We will use the TF-IDF vectorization technique to convert text data into numerical characteristics. TF-IDF is an abbreviation that stands for Term Frequency-Inverse Document Frequency. It is a common technique in natural language processing and information retrieval to convert collections of text documents into mathematical feature vectors indicating the relative relevance of each word in these documents.


In [108]:
# Create a TfidfVectorizer instance
tfidf_vectorizer = TfidfVectorizer()

# Fit the vectorizer on the training data and transform it
X_train_tfidf = tfidf_vectorizer.fit_transform(X_train)

# Transform the test data using the same vectorizer
X_test_tfidf = tfidf_vectorizer.transform(X_test)

**Step 4: Evaluate various classification algorithms**

Next, we will define and train three well-known classifiers: Logistic Regression, Naive Bayes, and Support Vector Machines (SVM).

In [110]:
# Create a dictionary to store models
models = {
    'Logistic Regression': LogisticRegression(),
    'Naive Bayes Classifier': MultinomialNB(),
    'Support Vector Classifier': SVC(),
}

# Train and evaluate each model
results = {}
for model_name, model in models.items():
    model.fit(X_train_tfidf, y_train)
    y_pred = model.predict(X_test_tfidf)
    accuracy = accuracy_score(y_test, y_pred)
    f1 = f1_score(y_test, y_pred)
    results[model_name] = {'Accuracy': accuracy, 'F1': f1}

It is time to evaluate the efficacy of our trained classifiers using various metrics. We will assess accuracy, and f1-score.

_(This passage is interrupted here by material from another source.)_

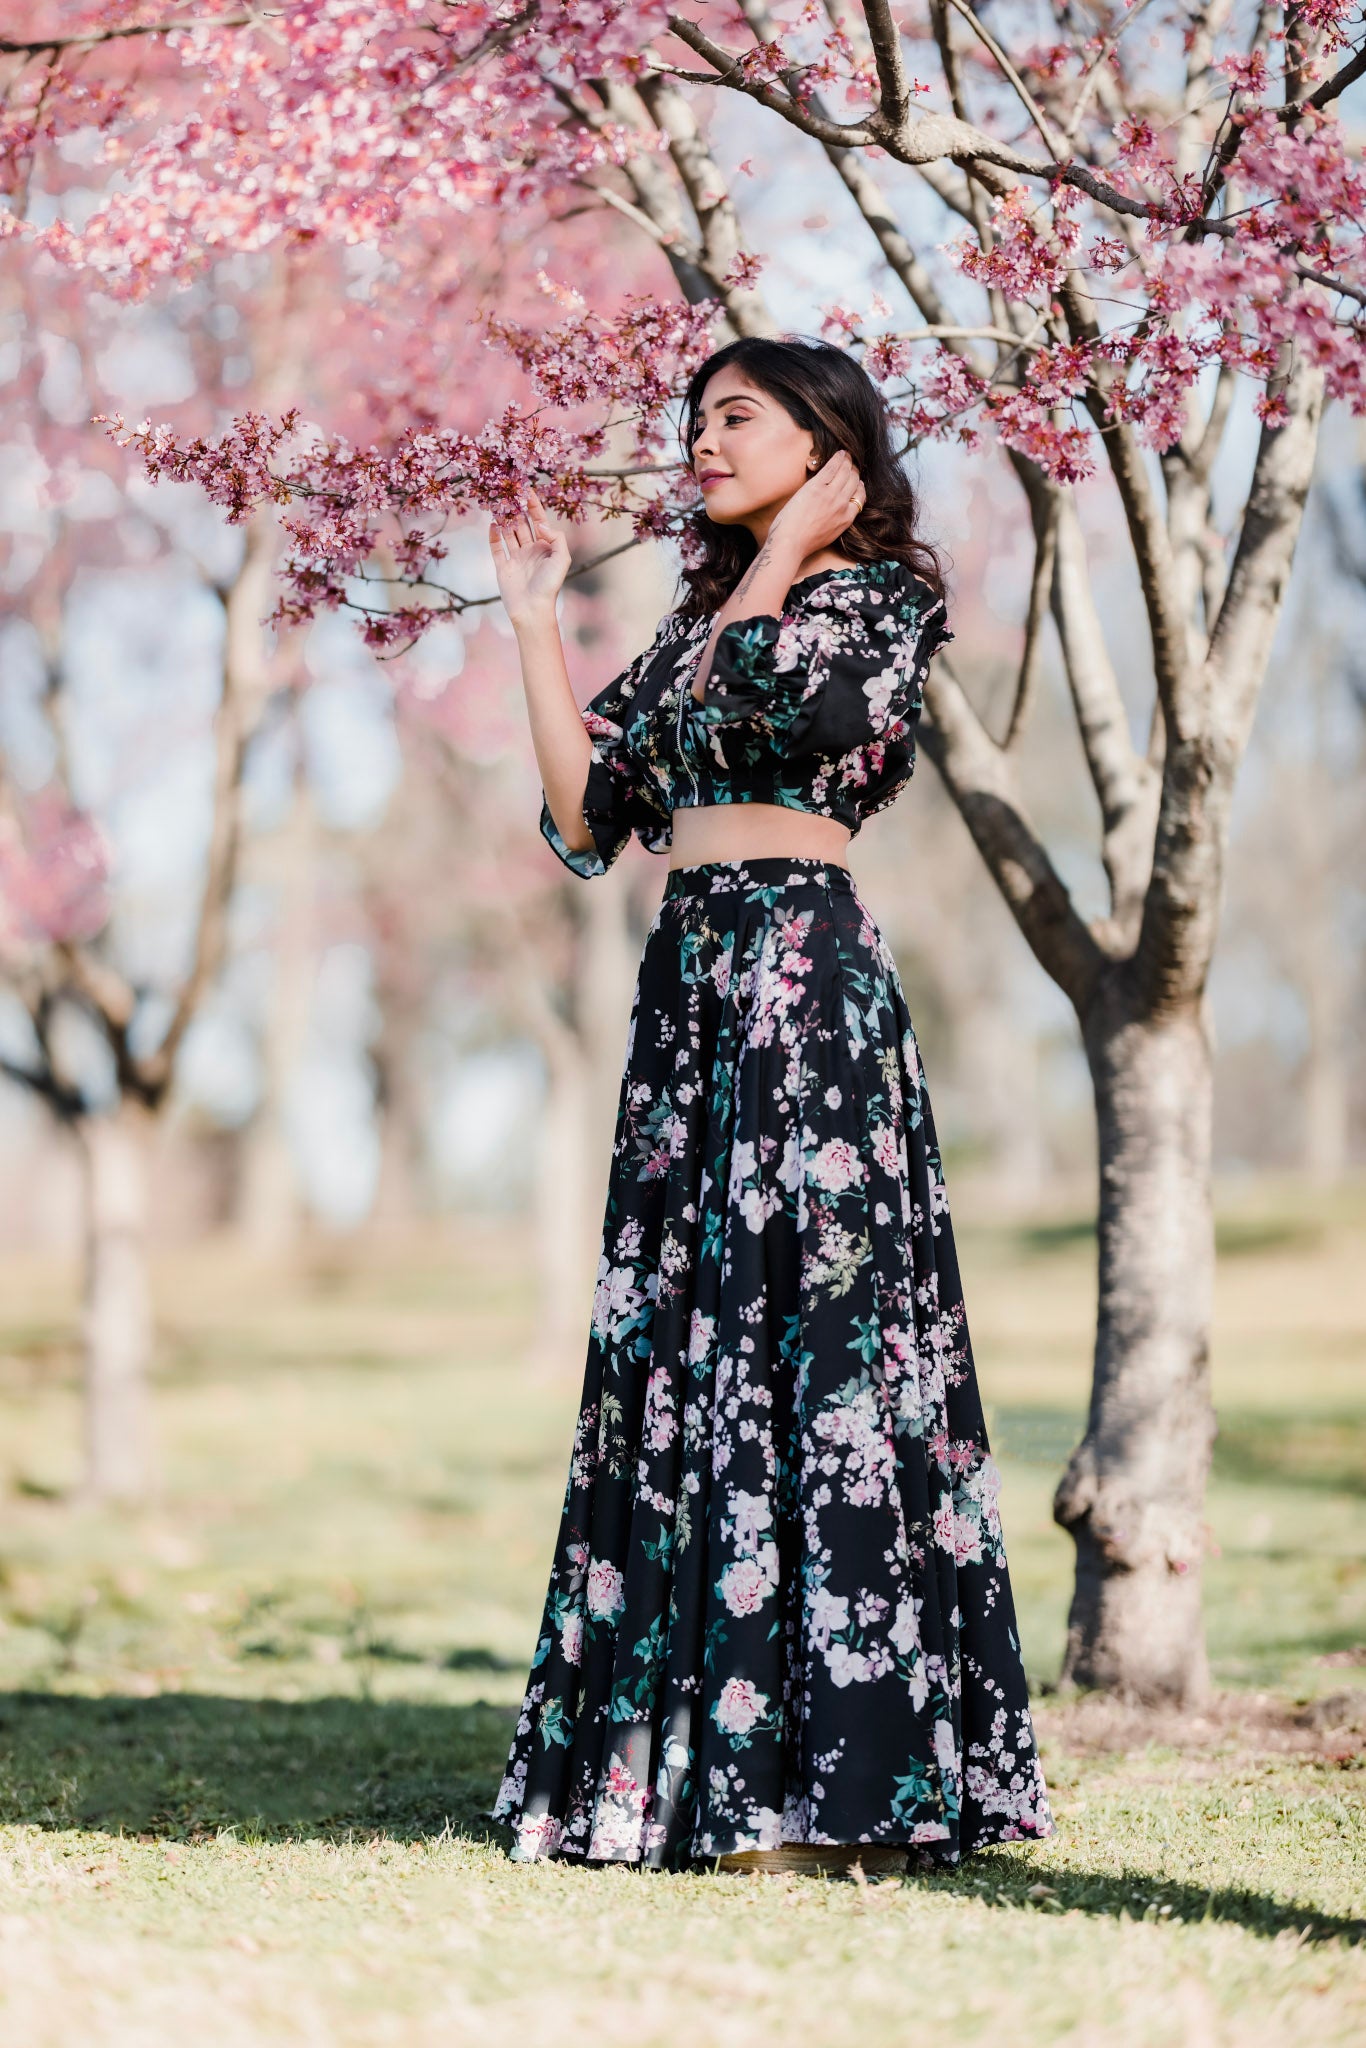 Shital Patel in the Amira Black Floral Blossom Lehenga Skirt - Harleen Kaur Indowestern Wear - Made in New York City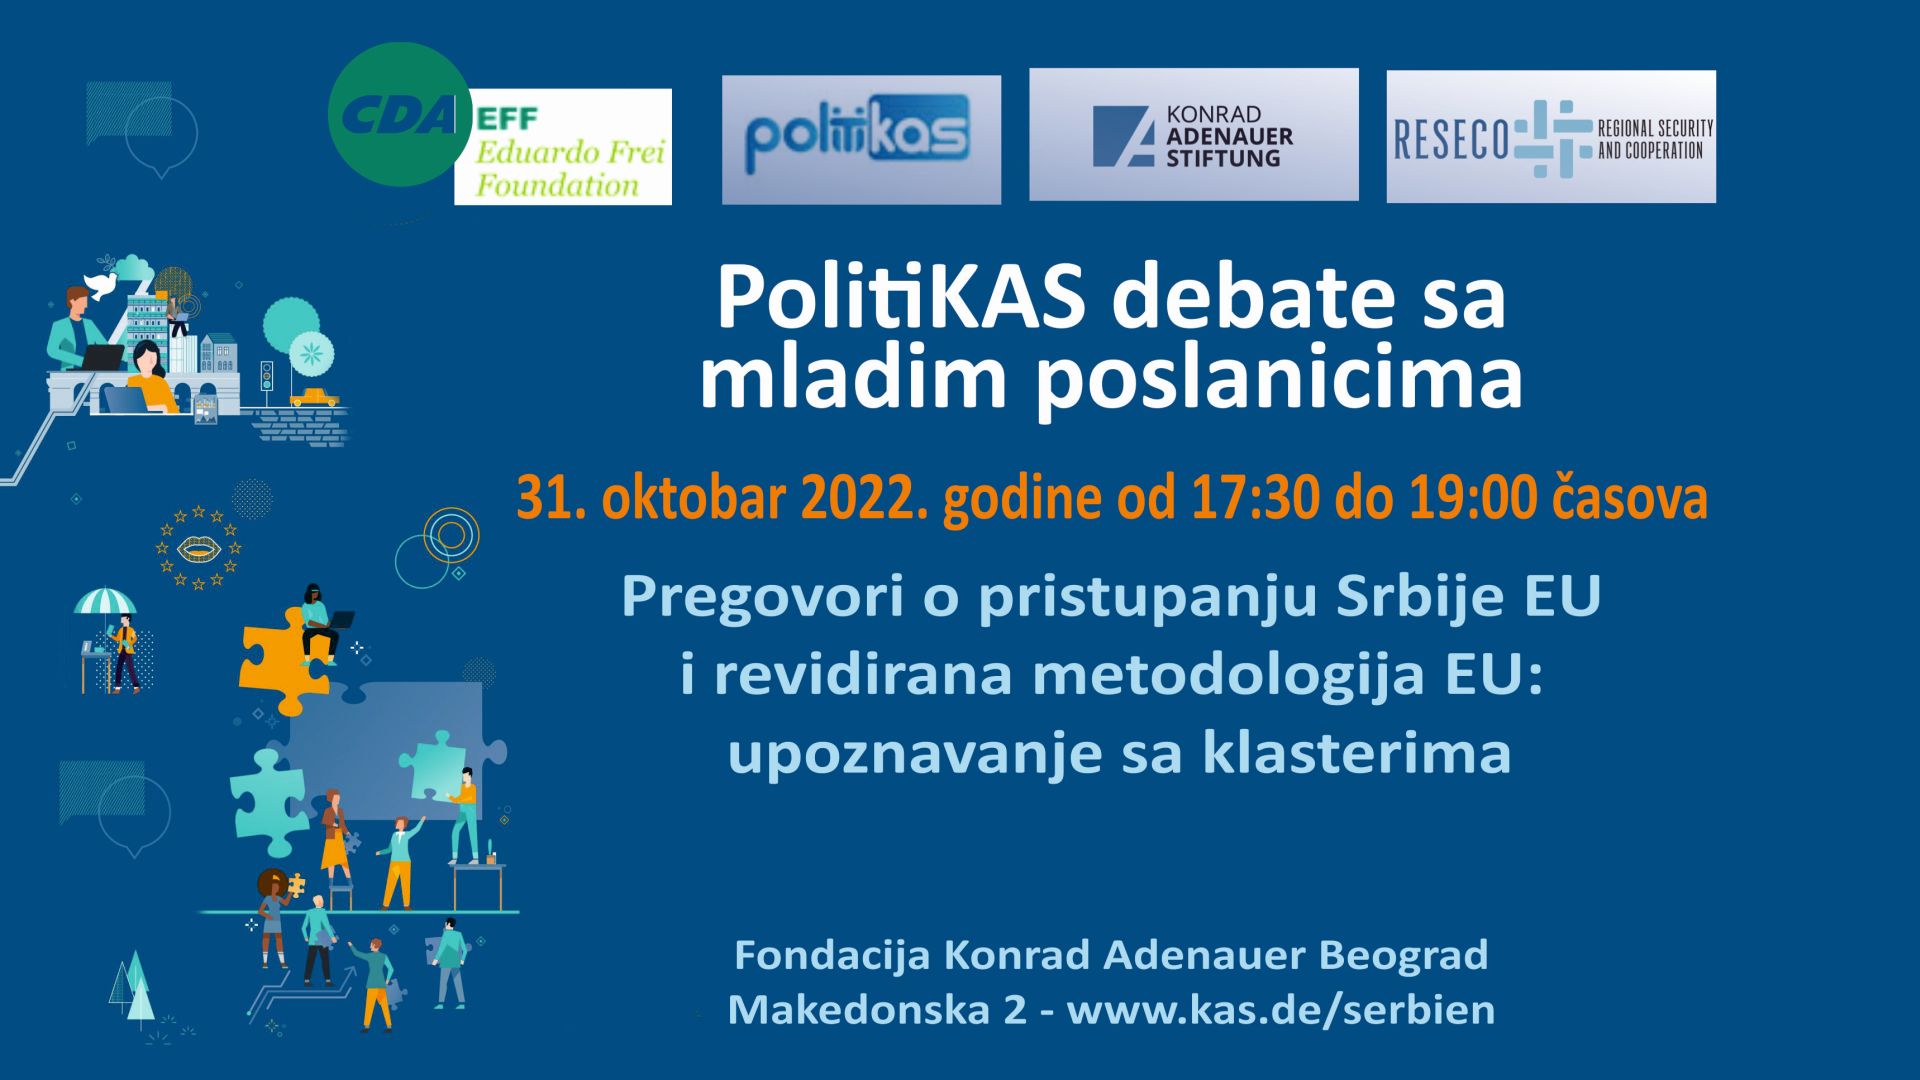 You are currently viewing PolitiKAS debate: Pregovori o pristupanju Srbije EU i revidirana metodologija – upoznavanje sa klasterima

First, What is accuracy? Accuracy is a frequently employed metric in machine learning and statistics that assesses the correctness of a classification model's predictions. A binary or multi-class classification problem evaluates how accurately a model classifies positive and negative instances. Typically, accuracy is expressed as a percentage, with values spanning from 0% (completely inaccurate predictions) to 100% (perfect predictions).

Second, What is F1 score? The F1 score is a commonly employed metric for evaluating the efficacy of a classification model, particularly in binary classification problems. It combines two essential metrics, precision, and recall, into a single score, balancing them. When dealing with imbalanced datasets in which one class significantly outnumbers the other, the F1 score is instrumental. In such situations, accuracy can be deceptive, as a model that predicts the majority class in all instances may achieve high accuracy but poorly perform when correctly identifying the minority class.
                

In [111]:
results = pd.DataFrame(results)
results

Unnamed: 0,Logistic Regression,Naive Bayes Classifier,Support Vector Classifier
Accuracy,0.965919,0.962332,0.982063
F1,0.856061,0.837209,0.928571


**Conclusion**

Constructing a spam email classifier using Scikit-Learn and actual text data is a valuable and practical endeavor. Following the steps outlined in this article, you can build a spam filter that keeps your inbox clean and efficient. Remember, we can enhance the model performance by tuning hyperparameters and investigating more advanced NLP techniques.